**** SUPPLIED RECORDS ****
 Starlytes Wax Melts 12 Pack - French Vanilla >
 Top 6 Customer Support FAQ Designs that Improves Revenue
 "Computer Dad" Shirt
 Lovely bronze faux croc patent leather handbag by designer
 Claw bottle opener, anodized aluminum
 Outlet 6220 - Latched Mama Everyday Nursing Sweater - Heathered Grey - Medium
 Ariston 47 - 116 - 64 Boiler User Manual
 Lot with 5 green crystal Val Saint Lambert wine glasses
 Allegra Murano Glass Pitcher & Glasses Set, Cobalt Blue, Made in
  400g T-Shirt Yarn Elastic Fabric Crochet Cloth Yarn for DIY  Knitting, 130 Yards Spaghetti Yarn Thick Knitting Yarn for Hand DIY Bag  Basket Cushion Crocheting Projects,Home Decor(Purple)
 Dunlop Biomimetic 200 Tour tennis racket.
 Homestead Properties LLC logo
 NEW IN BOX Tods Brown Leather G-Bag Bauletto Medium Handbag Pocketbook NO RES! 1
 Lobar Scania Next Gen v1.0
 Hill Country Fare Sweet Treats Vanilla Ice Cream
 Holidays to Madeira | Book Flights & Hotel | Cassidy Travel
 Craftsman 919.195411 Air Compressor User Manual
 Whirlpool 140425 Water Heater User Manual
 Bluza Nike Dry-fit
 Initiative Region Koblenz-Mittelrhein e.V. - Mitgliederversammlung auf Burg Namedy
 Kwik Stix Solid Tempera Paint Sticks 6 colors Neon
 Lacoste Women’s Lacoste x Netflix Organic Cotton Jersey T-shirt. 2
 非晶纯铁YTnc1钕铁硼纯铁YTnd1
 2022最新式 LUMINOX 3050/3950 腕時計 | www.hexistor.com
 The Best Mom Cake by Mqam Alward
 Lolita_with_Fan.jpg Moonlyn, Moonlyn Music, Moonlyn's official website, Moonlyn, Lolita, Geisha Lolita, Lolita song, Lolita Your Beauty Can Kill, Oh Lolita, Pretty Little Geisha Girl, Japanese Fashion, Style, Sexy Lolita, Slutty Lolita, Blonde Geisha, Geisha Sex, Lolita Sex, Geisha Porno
****
» WORK INSTRUCTIONS
Copy out, from the data above, every line holding the word "Medium".

» YOUR RESPONSE
 Outlet 6220 - Latched Mama Everyday Nursing Sweater - Heathered Grey - Medium
 NEW IN BOX Tods Brown Leather G-Bag Bauletto Medium Handbag Pocketbook NO RES! 1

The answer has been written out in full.